Non-GAAP gross margin, operating margin, and net income (loss) are supplemental measures of our performance that are not required by, or presented in accordance with, GAAP. Moreover, they should not be considered as an alternative to any performance measure derived in accordance with GAAP, or as an alternative to cash flow from operating activities as a measure of our liquidity. We present non-GAAP gross margin, operating margin, and net income (loss) because we consider them to be important supplemental measures of our operating performance and profitability trends, and because we believe they give investors useful information on period-to-period performance as evaluated by management. Non-GAAP net income (loss) also facilitates comparison with other companies in our industry, which use similar financial measures to supplement their GAAP results. Non-GAAP net income (loss) has limitations as an analytical tool, and therefore should not be considered in isolation or as a substitute for analysis of our results as reported under GAAP. In the future we expect to continue to incur expenses similar to the non-GAAP adjustments described above and exclusion of these items in our non-GAAP presentation should not be construed as an inference that these costs are unusual, infrequent or non-recurring. Some of the limitations in relying on non-GAAP net income (loss) are:

  • Amortization of intangibles represents the loss in value as the technology in our industry evolves, is advanced, or is replaced over time. The expense associated with this loss in value is not included in the non-GAAP net income (loss) presentation and therefore does not reflect the full economic effect of the ongoing cost of maintaining our current technological position in our competitive industry, which is addressed through our research and development program.
  • We regularly engage in acquisition and assimilation activities as part of our ongoing business and regularly evaluate our businesses to determine whether any operations should be eliminated or curtailed. We therefore will continue to experience special charges on a regular basis.
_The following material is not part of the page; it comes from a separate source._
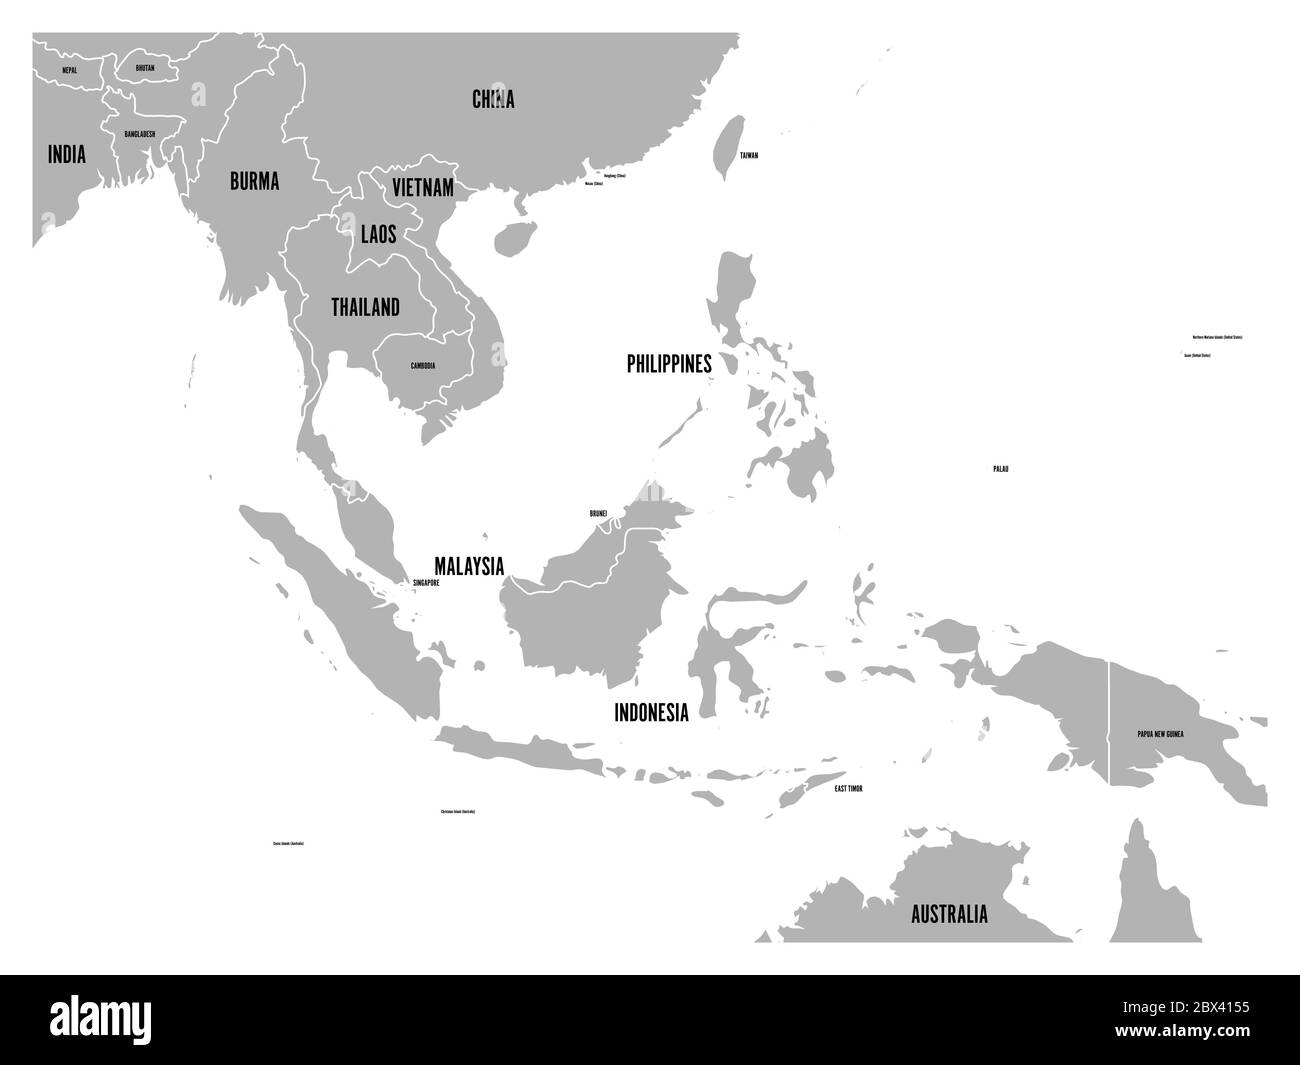 Mappa politica del Sud-Est asiatico. Terra grigia su sfondo bianco con etichette nere. Semplice illustrazione vettoriale piatta. Illustrazione Vettoriale

These costs also directly impact our available funds.
  • We perform impairment analyses on cost method investments when triggering events occur and adjust the carrying value of assets when we determine it to be necessary. Impairment charges could therefore be incurred in any period.
  • Our stock option and stock purchase plans are important components of our incentive compensation arrangements and will be reflected as expenses in our GAAP results.
  • Our income tax expense (benefit) will be ultimately based on our GAAP taxable income and actual tax rates in effect, which often differ significantly from the 17% rate assumed in our non-GAAP presentation. In addition, if we have a GAAP loss and non-GAAP net income, our non-GAAP results will not reflect any projected GAAP tax benefits. Similarly, in the event we were to have GAAP net income and a non-GAAP loss, our GAAP tax expense would be replaced by a credit in our non-GAAP presentation.
  • Other companies, including other companies in our industry, calculate non-GAAP net income (loss) differently than we do, limiting its usefulness as a comparative measure.

About Mentor Graphics

Mentor Graphics Corporation (NASDAQ: MENT) is a world leader in electronic hardware and software design solutions, providing products, consulting services and award-winning support for the world’s most successful electronic, semiconductor and systems companies. Established in 1981, the company reported revenues over the last 12 months of about $915 million. Corporate headquarters are located at 8005 S.W. Boeckman Road, Wilsonville, Oregon 97070-7777. World Wide Web site: http://www.mentor.com/.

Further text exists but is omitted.